Location Intelligence, Spatial Data Analysis | Pitney Bowes

X marks the spot

Savvy use of location-based data can help locate new business opportunities

It’s not enough to know who your ideal customer is. You need to know where he is, too. Fortunately, location analytics can help. “When business practices such as marketing efforts are combined with location-based data, the sum is greater than the parts,” says Richard Rollins, director of global product marketing for location intelligence at Pitney Bowes. “Together, they give better insights into customers — which in turn helps businesses make better decisions.”

Narrow targets

Marketers have long understood that knowing where a person lives can provide a wealth of demographic information. This is due to homophily—the “birds of a feather flock together” principle. Social scientists have found that people tend to live near people who are similar to them, which means that companies can learn about everything from credit scores to preferred vehicles for each of the 74,134 census tracts in the United States.

“Knowing someone’s spatial location has the potential to unlock a lot of valuable information about them,” says Eric Bradlow, co-director of the Wharton Customer Analytics Initiative at the University of Pennsylvania. “Analytics can help you understand what that information really means and how you can use it to tailor messages to particular groups of people.” An insurance company, for example, might use location data to promote one message in an area where most people rent their homes and another a few blocks away where most homes are owner-occupied.

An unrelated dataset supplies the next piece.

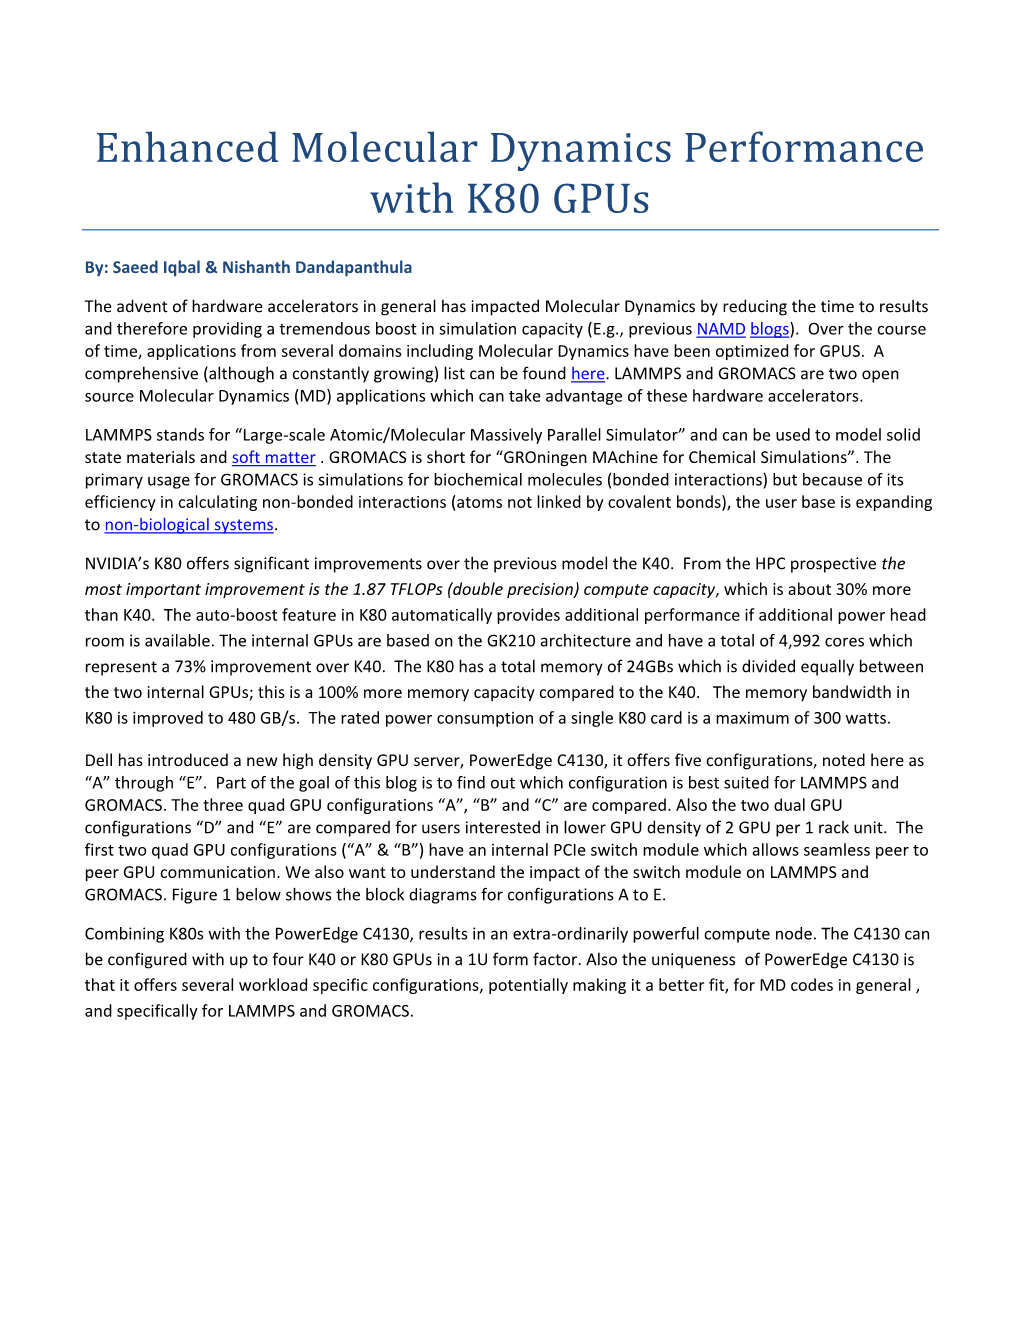 Enhanced Molecular Dynamics Performance with K80 Gpus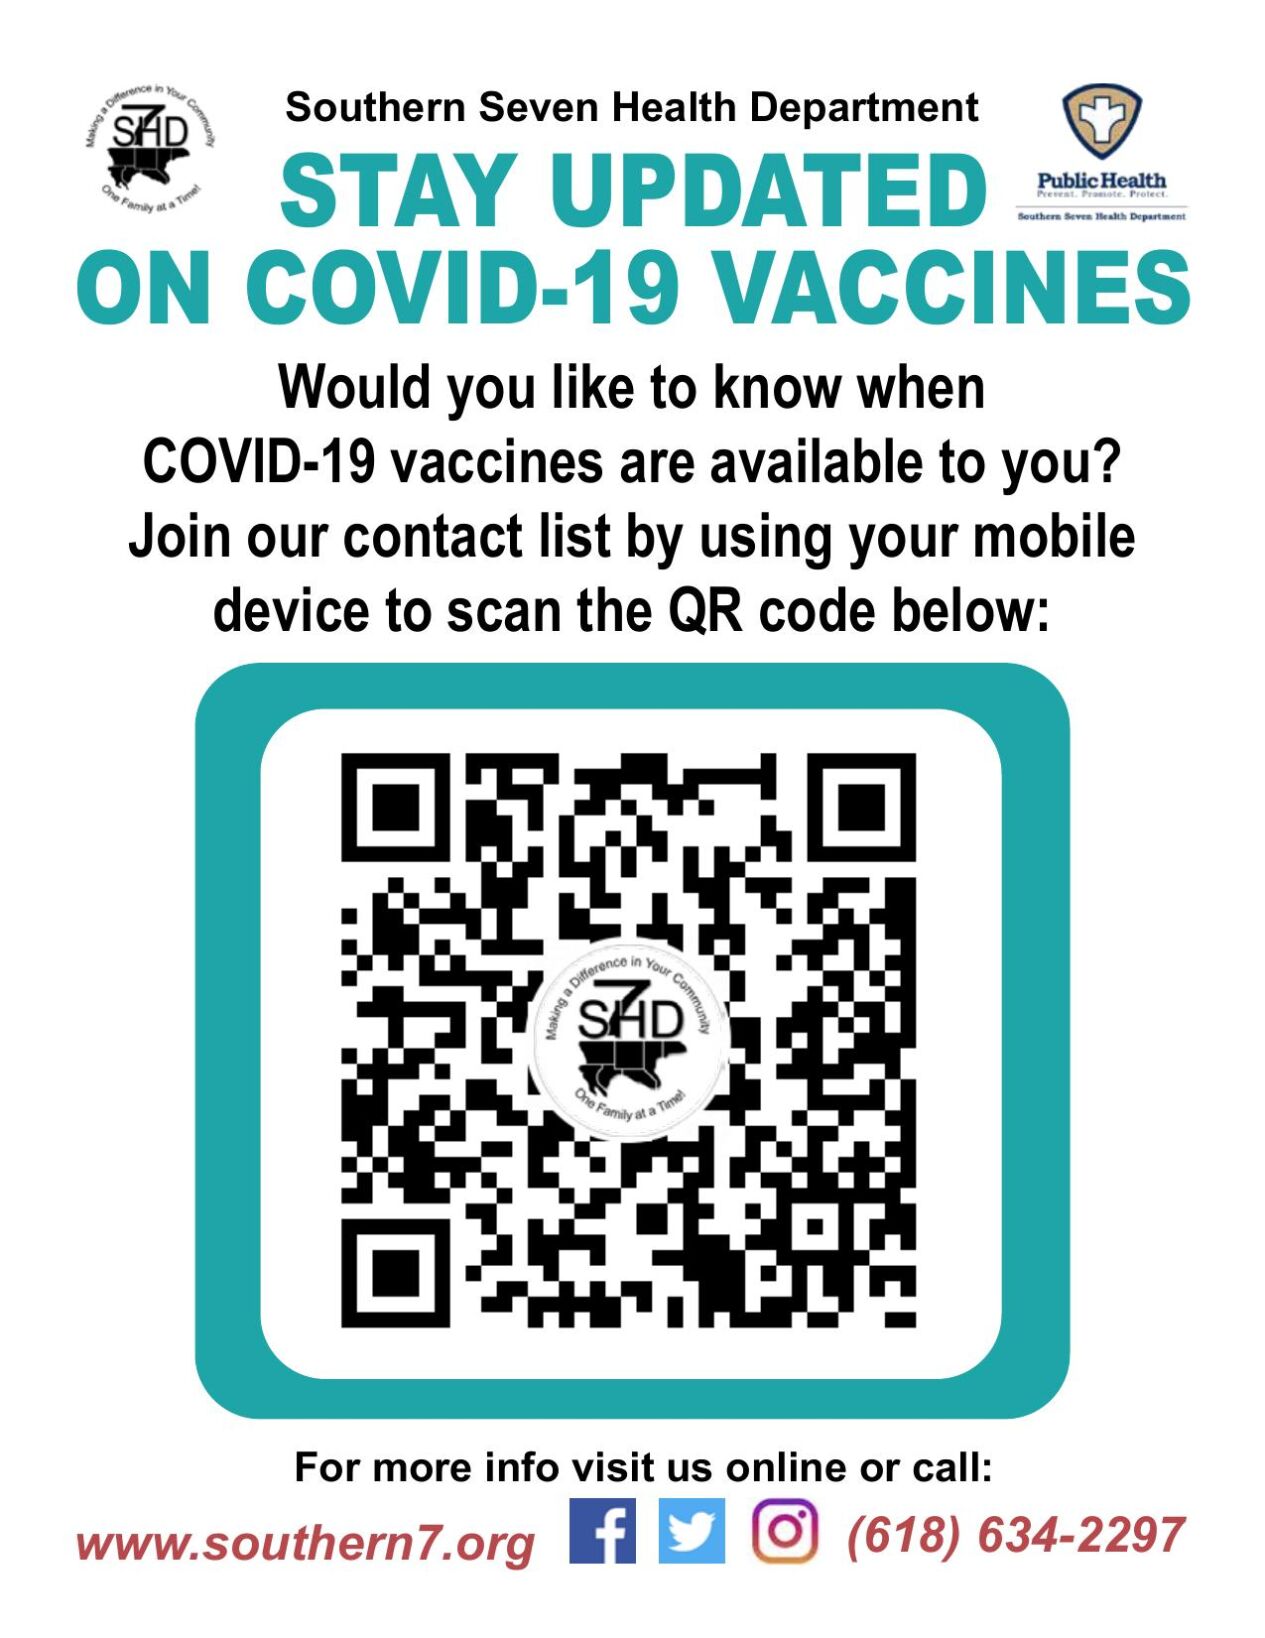 illinois covid vaccine registration

Thanks to the ubiquity of new technologies, such market segmentation is becoming more sophisticated: Now companies can examine information on an individual basis, as well as in aggregate. “Companies are increasingly interested in how location analytics can help them monetize their customer base,” says Rollins. “They have vast volumes of transaction data. Analytics can help them better understand where their target customers are located, how they travel and what places they frequent.”

Predict Behavior

Location intelligence can also draw on past patterns to create predictive models of future behavior. These anticipatory models can have many applications. One common use in the insurance industry is catastrophic event management, or CAM. “We have so much data on past events such as hurricanes and floods that we can use to predict the potential effects of future disasters,” says Joe Francica, managing director of geospatial solutions at Pitney Bowes. “There’s always risk, but these models can help you understand what kinds of catastrophic events you are most likely to face.”

The possible applications for outcome modeling tools can benefit any situation that has a spatial dimension. Cell phone companies, for example, can use location intelligence to understand not only where their customers are, but also their travel patterns. Analyzing trends in call location and volume can help companies determine where need is increasing so they can locate new cell phone towers optimally. Analytics tied to past customer behaviors can help predict which customers are most likely to upgrade or suspend services, so companies can tailor messages accordingly.

Businesses can also use predictive location analytics to play out if-then situations to optimize decisions. For example, a company that wants to open a new branch could model the impact on the overall trade area, or examine what the impact on market opportunity might be if a competitor moved nearby.

Visualize Patterns

Human beings have a tendency to look for patterns. However, it can be hard to spot the underlying logic in a massive spreadsheet of numbers. “I always say, you can look at reams and reams of spreadsheets, or you can look at one map,” says Francica. When data is layered onto a map, patterns tend to become immediately and intuitively visible. Heat maps, for example, let you see the “hot zones” where your customers tend to congregate, or where your sales volume is the greatest. You can use that information to direct more customer-service resources to those areas or build up outreach efforts in the “cold zones.”

Data visualization tools can also make it easier to look at how geographic trends evolve. Longitudinal analysis allows you to measure key metrics over time; when combined with location analysis, you can visualize how time and space interact to create patterns. For example, you may spot seasonal variations or trends that can be traced back to particular local events.

Put simply, the potential for location analytics is enormous. “The challenge for us now is that we have become spatial thinkers,” says Francica. “So many of the questions we ask about customers, trends, patterns and risk are actually spatial queries — even if we don’t realize that at first. Location analytics allow us to answer those questions efficiently and intuitively.”